Really quite brilliant

So we're getting down to the wire on the big trip. Of course some details still need to be ironed out but I guess thats to be expected trying to match three peoples visions, schedules, and budgets. Things at work really couldn't be busier right now which makes me feel good and just a tad bit guilty about leaving it all. I will say that I am slowly coming around to believing that I "deserve" this vacation and that I should leave without remorse over the work I'm leaving others to do (to be quite fair it isn't really my work to begin with...so I'm kind of just handing it back with a smile). Anyways, along the way I've been inundated with meetings about the grant the group is writing and what I need to do to prepare for that. We have been facing some pretty substantial problems recently and I proposed a solution yesterday that my advisor described as "really quite brilliant." Which is pretty simple but totally made my day. Made my day enough that I'm still talking about it the next day. Just that ever so slightest bit of approval made me feel like a little kid again bringing home a math test with the big red "A" on the top and getting a "good job kiddo." I guess I'm just that kind of person that needs a little affirmation every so often so I can convince myself that I'm as good as the facade I put up. Way down deep, in grad school especially, there is this sinking feeling that everyone knows more than you and that at some point you will be exposed as a fraud. Of course, after only 25 years on the planet, I've kind of started to figure out that everyone feels that way...except for the people that really should feel that way. Which leads me to perhaps one of my favorite research papers of all time. It appeared in 1999 in issue 6 of the Journal of Personality and Social Psychology and is entitles Unskilled and Unaware of It: How difficulties in recognizing one's own incompetence lead to inflated self-assessments. For those unfamiliar with this seminal work...I will summarize.

There are essentially two kinds of people for every field of knowledge or skill: the incompetent and the competent.

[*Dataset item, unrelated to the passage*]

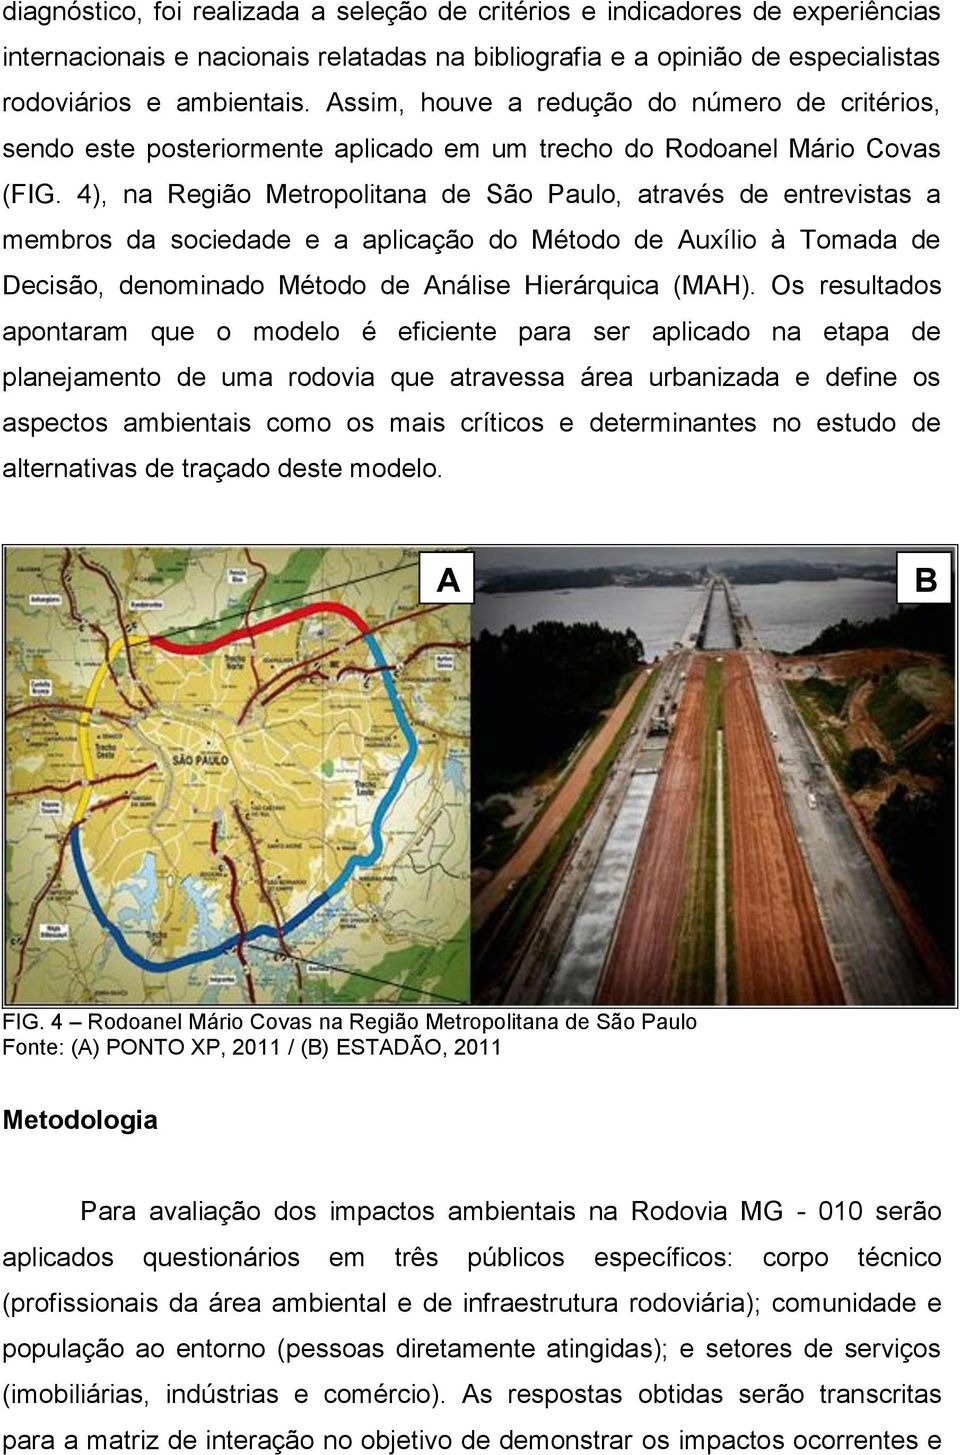 4), na Região Metropolitana de São Paulo, através de entrevistas a membros da sociedade e a aplicação do Método de Auxílio à Tomada de Decisão, denominado Método de Análise Hierárquica (MAH).

In relation to the incompetent among us the authors state that overestimation of ability is a consistent problem.

"The authors suggest that this overestimation occurs, in part, because people who are unskilled in these domains suffer a dual burden: Not only do these people reach erroneous conclusions and make unfortunate choices, but their incompetence robs them of the metacognitive ability to realize it." More plainly, idiots tend to think they are not idiots and overestimate their own abilities because they have no ability to realize that they are in fact idiots. Perhaps this is all a truism and while I find the paper entertaining, it also gives me cause for worry that I might be in that sorry group and that I would never know it if I was. The other group, those top performers in society, tend to perform in the reverse...there by assuming that they are less competent than their actual abilities would suggest.

This,I suppose puts me at a bit of a cross-roads...a mix of extraordinary self confidence in some situations that may betray my ineptitude and a constant need of outside affirmation suggesting the opposite. It then follows that I am left somewhere in the middle of mediocrity. Of course, the theory breaks down a bit when for instance I know that I really suck at dancing and that I am not in that top tier that tends to underestimate their abilities...or maybe I am...dancing with the stars anyone??? Patrick OUT!!!